The list is protected by the spin_lock from concurrent operation. And I find
that other core is wating the lock to alloc memory. Therefore , The concurrent
access should be impossible.

what situatios can happen ? or it is a kernel bug potentially. This question
almost impossible to produce again. The following is the call statck belonging to
the module.




PID: 114258 TASK: ffff8806aafc3300 CPU: 11 COMMAND: "JEM_UserTpool"

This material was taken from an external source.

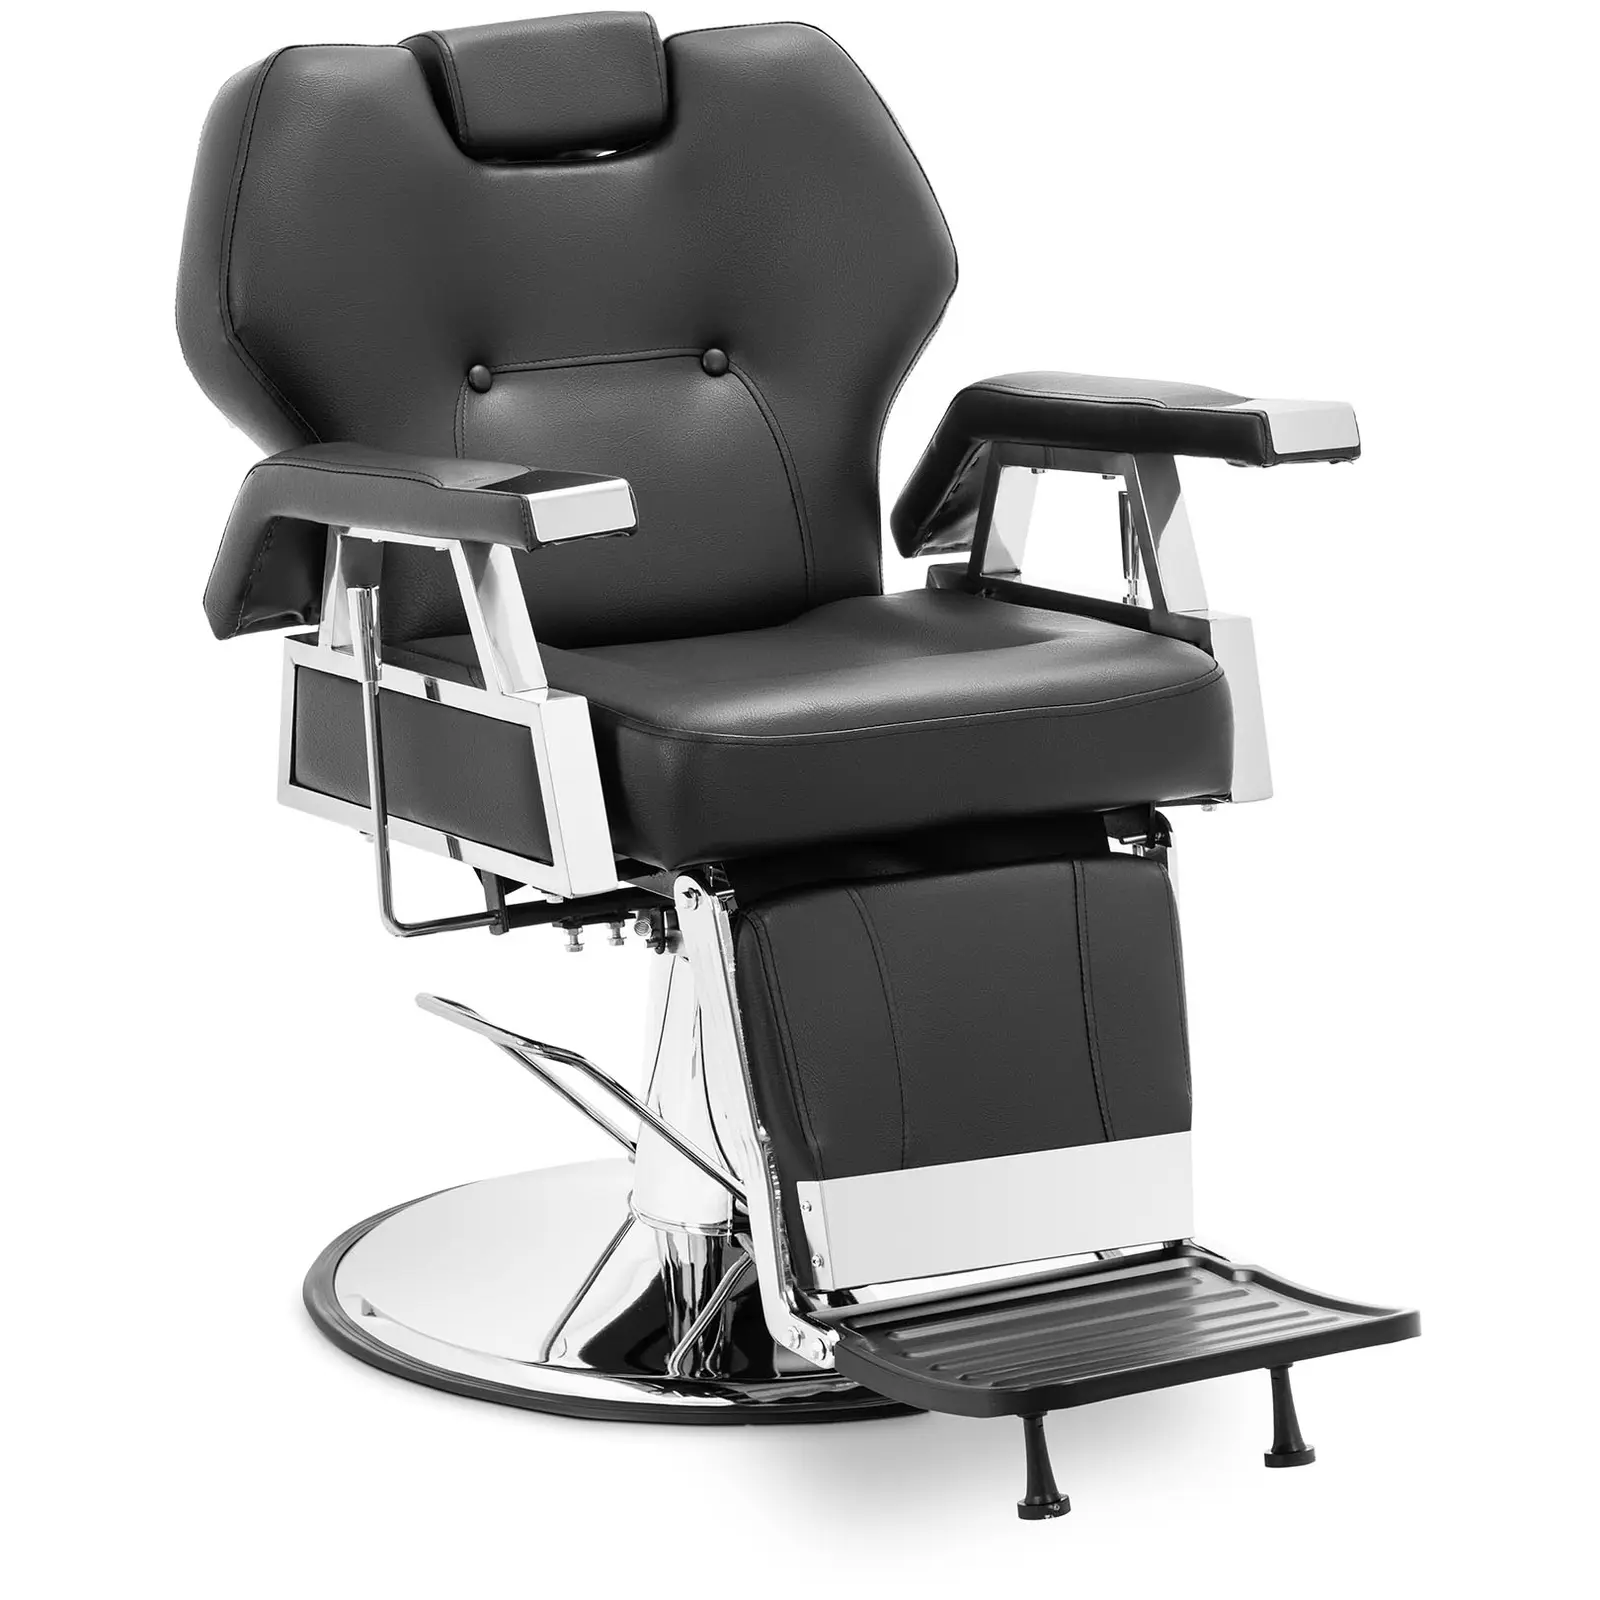 Salono kėdė su kojų atrama - 59 - 69 cm - 150 kg - juoda

#0 [ffff8806aafc9050] machine_kexec at ffffffff810286ea
#1 [ffff8806aafc90b0] crash_kexec at ffffffff810a2503
#2 [ffff8806aafc9180] oops_end at ffffffff814593c8
#3 [ffff8806aafc91b0] die at ffffffff81005623
#4 [ffff8806aafc91e0] do_general_protection at ffffffff81458ed2
#5 [ffff8806aafc9210] general_protection at ffffffff814587c5
[exception RIP: get_partial_node+511]
RIP: ffffffff81450426 RSP: ffff8806aafc92c0 RFLAGS: 00010002
RAX: dead000000200200 RBX: 0000000000000000 RCX: 0000000180100010
RDX: dead000000100100 RSI: ffff8807e24e4000 RDI: dead000000100100
RBP: ffff8806aafc9370 R8: dead000000200200 R9: ffff880c41817000
R10: 20c49ba5e353f7cf R11: 0000000000000000 R12: ffff880bf90bb900
R13: ffffea0031060400 R14: 0000000000000000 R15: ffff8807e24e4000
ORIG_RAX: ffffffffffffffff CS: 0010 SS: 0018
#6 [ffff8806aafc9378] __slab_alloc at ffffffff814508da
#7 [ffff8806aafc9478] kmem_cache_alloc at ffffffff8114a827
#8 [ffff8806aafc94c8] LIB_MemCacheAlloc at ffffffffa2998136 [libcfs]
#9 [ffff8806aafc94f8] RPC_PrepReqPool at ffffffffa5844949 [ptlrpc]
#10 [ffff8806aafc9578] RPC_PrepReq at ffffffffa5844b85 [ptlrpc]
#11 [ffff8806aafc95a8] Base_RpcPrepReq at ffffffffa5844c69 [ptlrpc]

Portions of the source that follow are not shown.